In July, Nestio began offering custom websites, including a scheduler tool that lets potential renters book an appointment to see an apartment. (On the owner side, clients include Two Trees Management and Olshan Properties, while on the brokerage side Compass, Keller Williams and Mirador Real Estate have signed on.)

Nestio estimates that it works with 10,000 agents citywide. Maio said the landscape in New York has changed, and one of the biggest needle-movers was StreetEasy’s $3-a-day rental charge. That added cost, she said, has prompted landlords and agents to reevaluate tools to help rent apartments most efficiently.

Maio said her clients are clamoring to stay ahead of the competition, which is at an all-time high thanks to the new development boom that dumped thousands of rental units on the market.

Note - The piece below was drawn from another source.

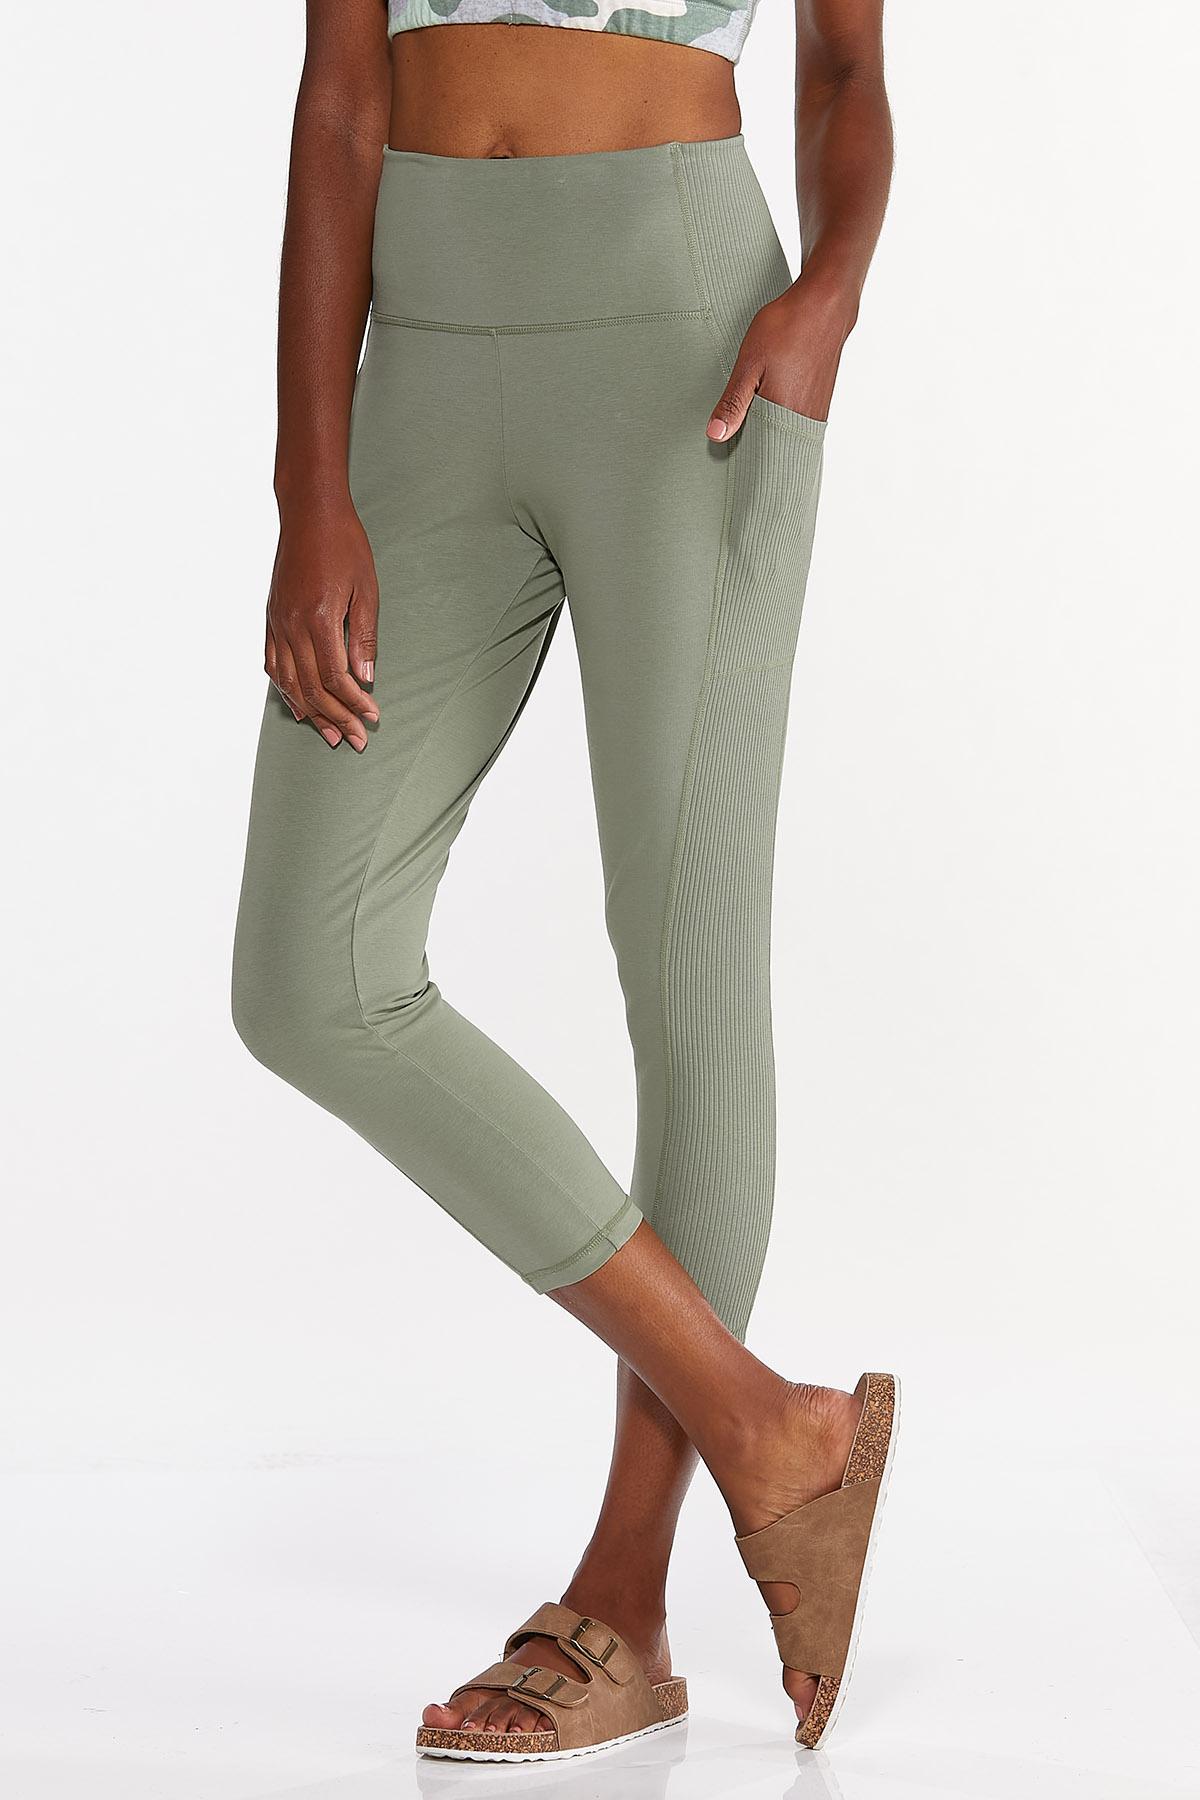 Cropped Side Pocket Leggings (Item #44634075)

Nestio declined to disclose its financials, but like other vendors it derives revenue from subscribers — landlords and brokers — who pay a monthly fee that’s based on which services they use. Brokerages can use Nestio in two ways. Some rely on its listings database to access RLS inventory and input exclusives, which Nestio feeds to the RLS and other aggregators. Others — who may have their own platform — use its marketing and data services to analyze comps or get market information derived from the firm’s listings database.

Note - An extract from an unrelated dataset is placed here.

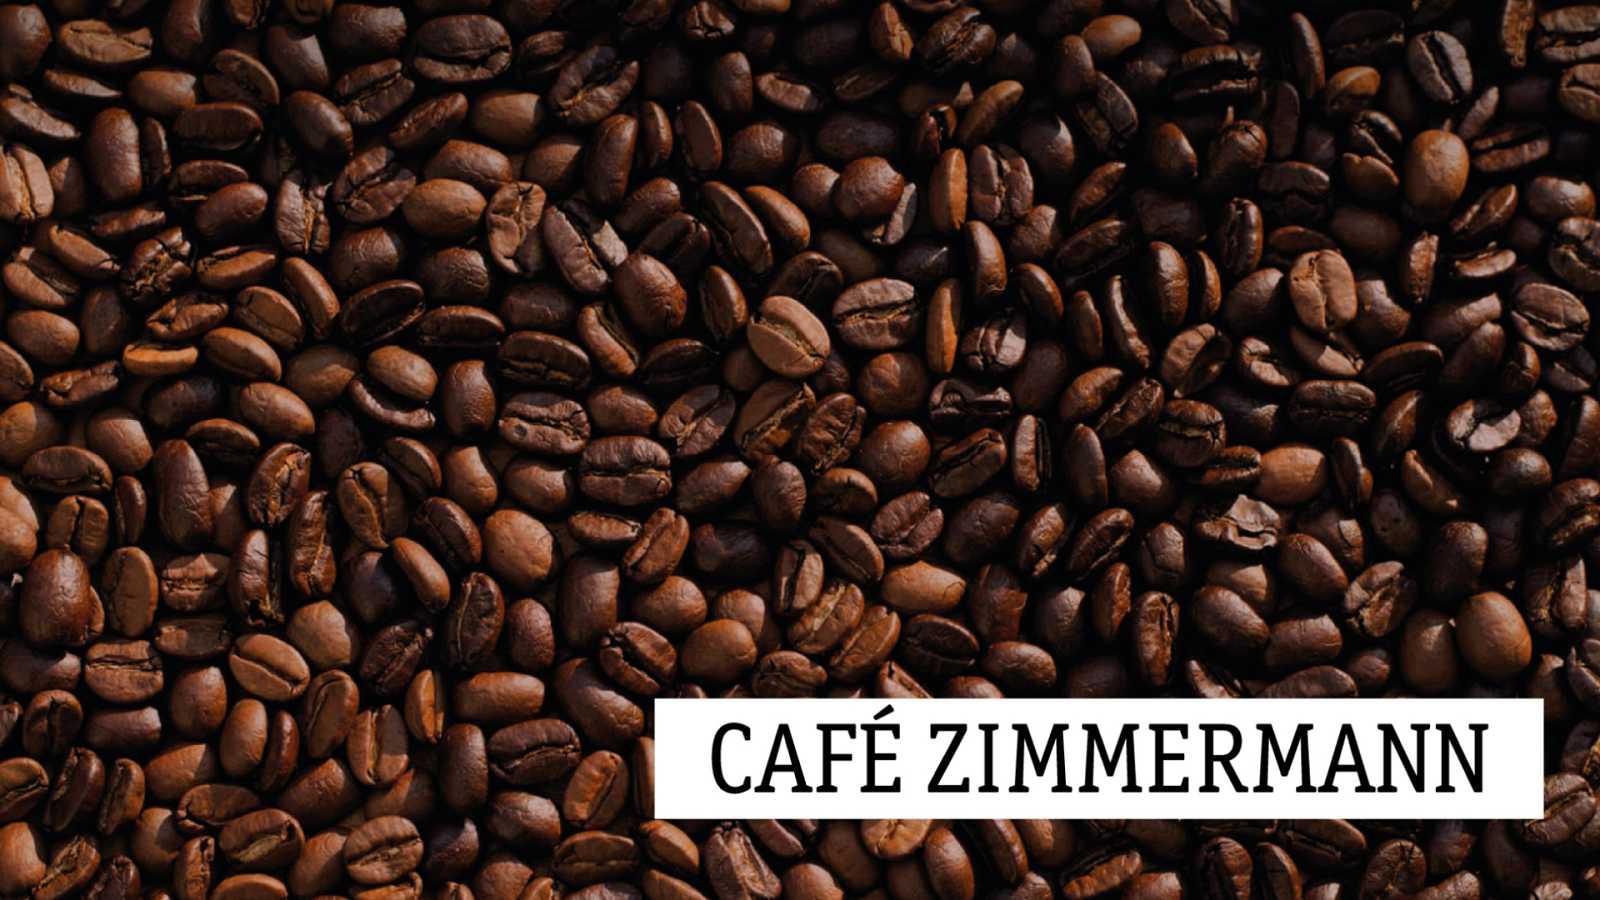 Café Zimmermann - Advertencias - 19/06/20 - escuchar ahora

“Our pitch to big brokerage firms who have their own system is, ‘We have the majority of the rental data on the market. We can pipe it into your database,’” she said.

Maio said the industry is turning a corner. “People are now starting to lean in and say, ‘How do I know if what I’m doing is working?’” she said. “That’s the next level of opportunity for companies like mine to provide insight there to say, ‘This is what’s working.’”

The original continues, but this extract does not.